--- What needs to be done ---
All of the data that follows should be given again exactly, without its images.

--- Data below ---
◇ ◇ ◇

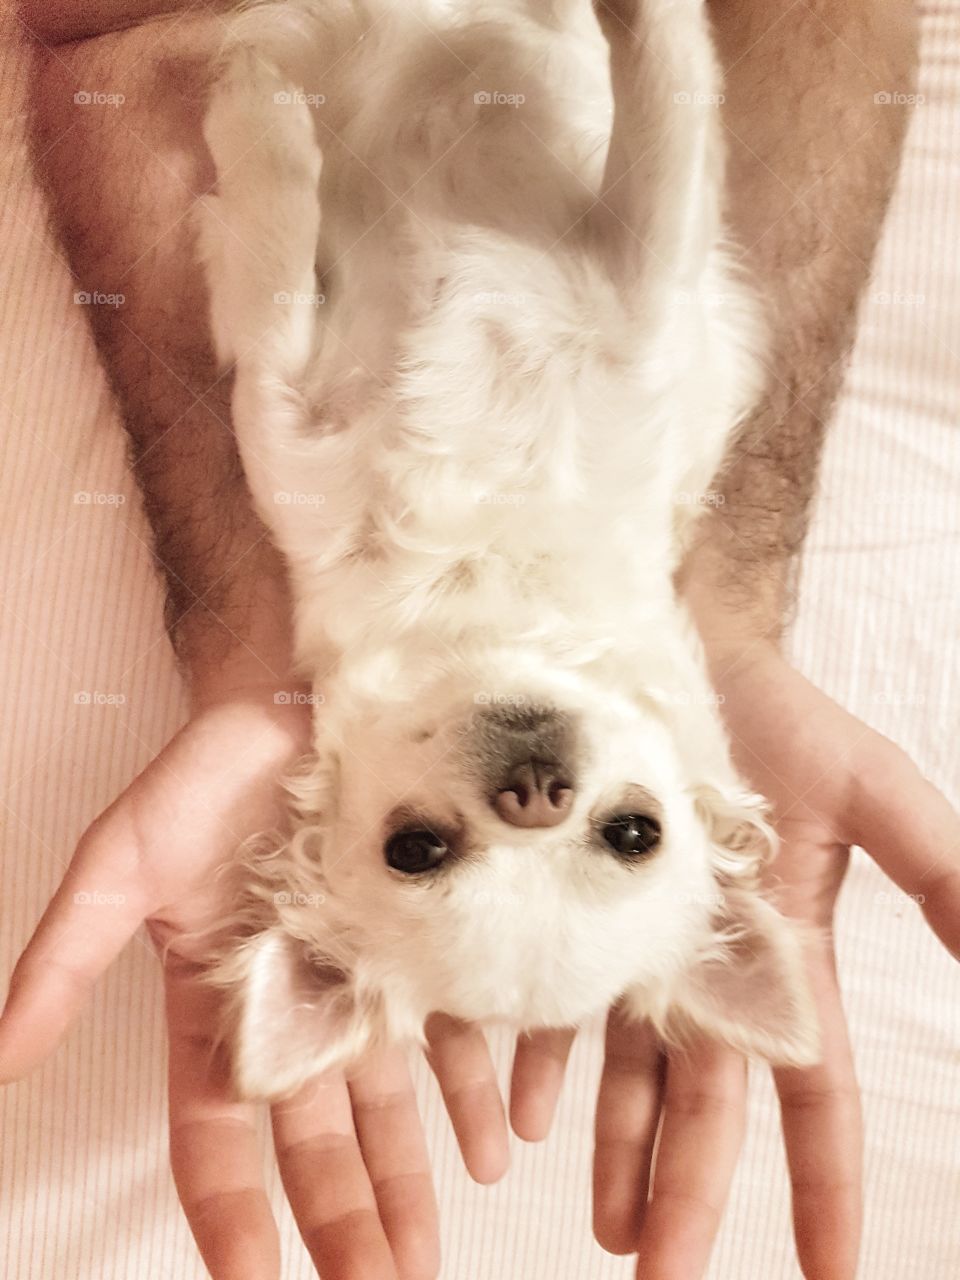 White chihiahua dog in hands
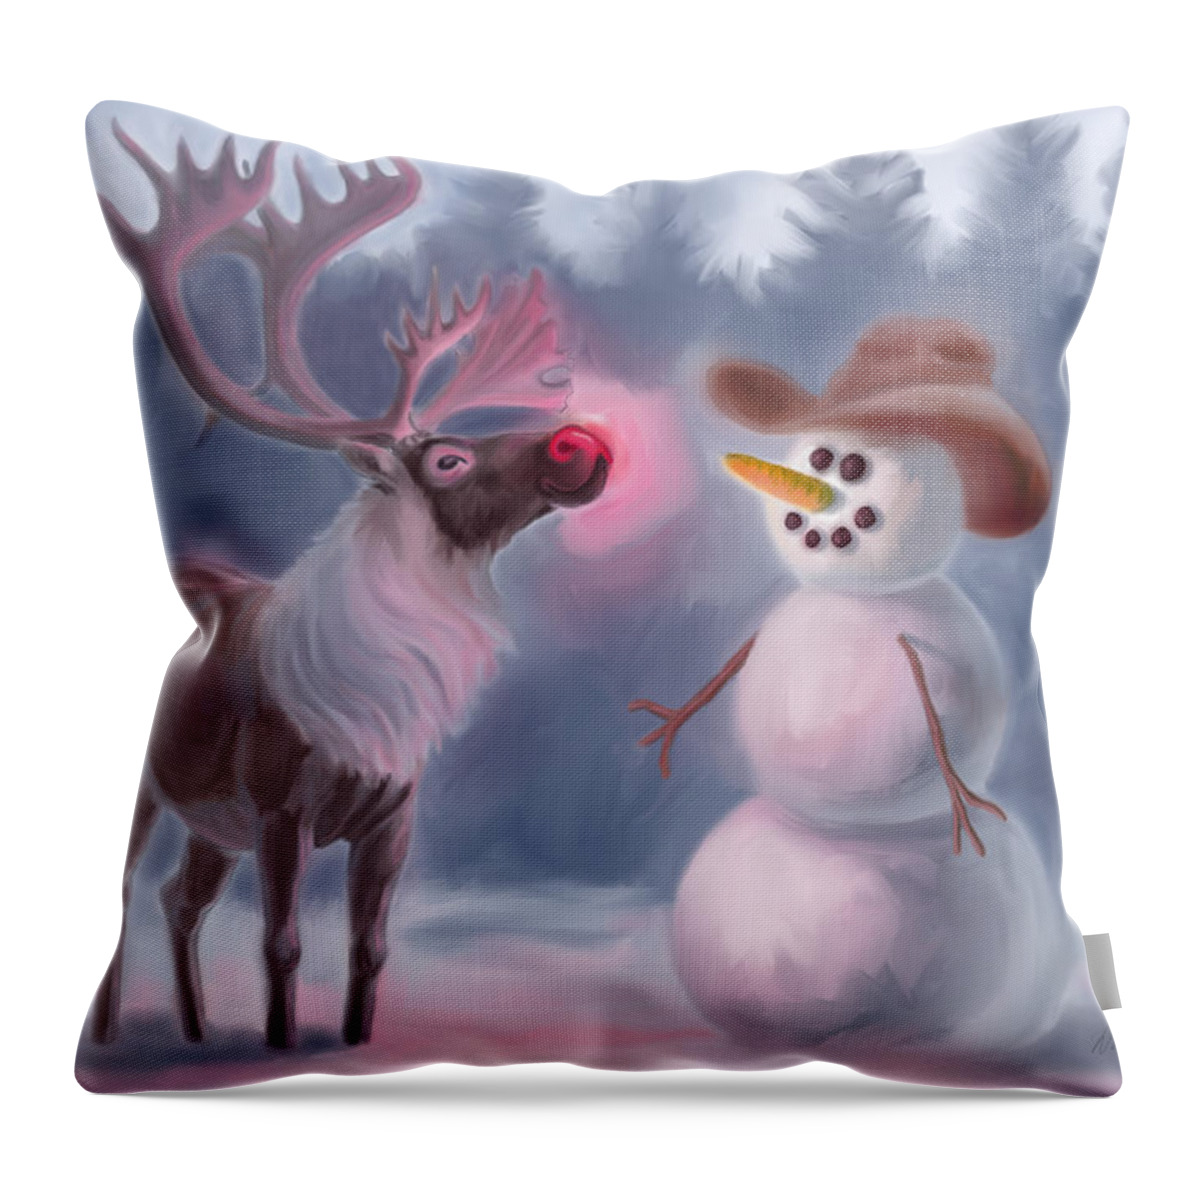 Rudolph Throw Pillow featuring the digital art Rudolph Meets Frosty by David Burgess
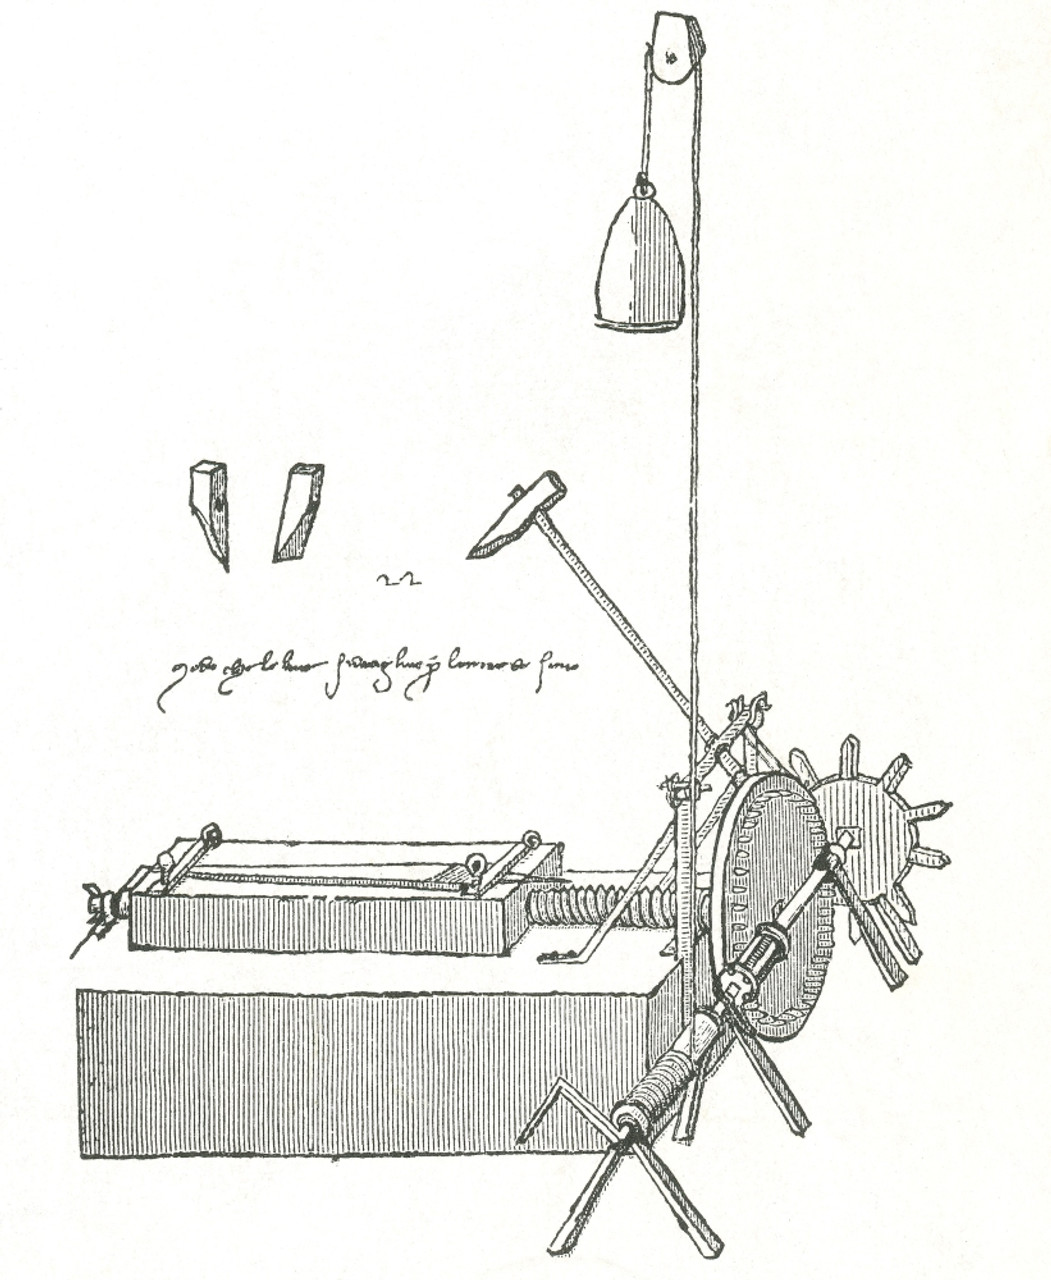 Schematic diagram of cutting and chopping machine.

◇ ◇ ◇

--- Solved problem ---
 White chihiahua dog in hands
 Rudolph Throw Pillow featuring the digital art Rudolph Meets Frosty by David Burgess
 Schematic diagram of cutting and chopping machine.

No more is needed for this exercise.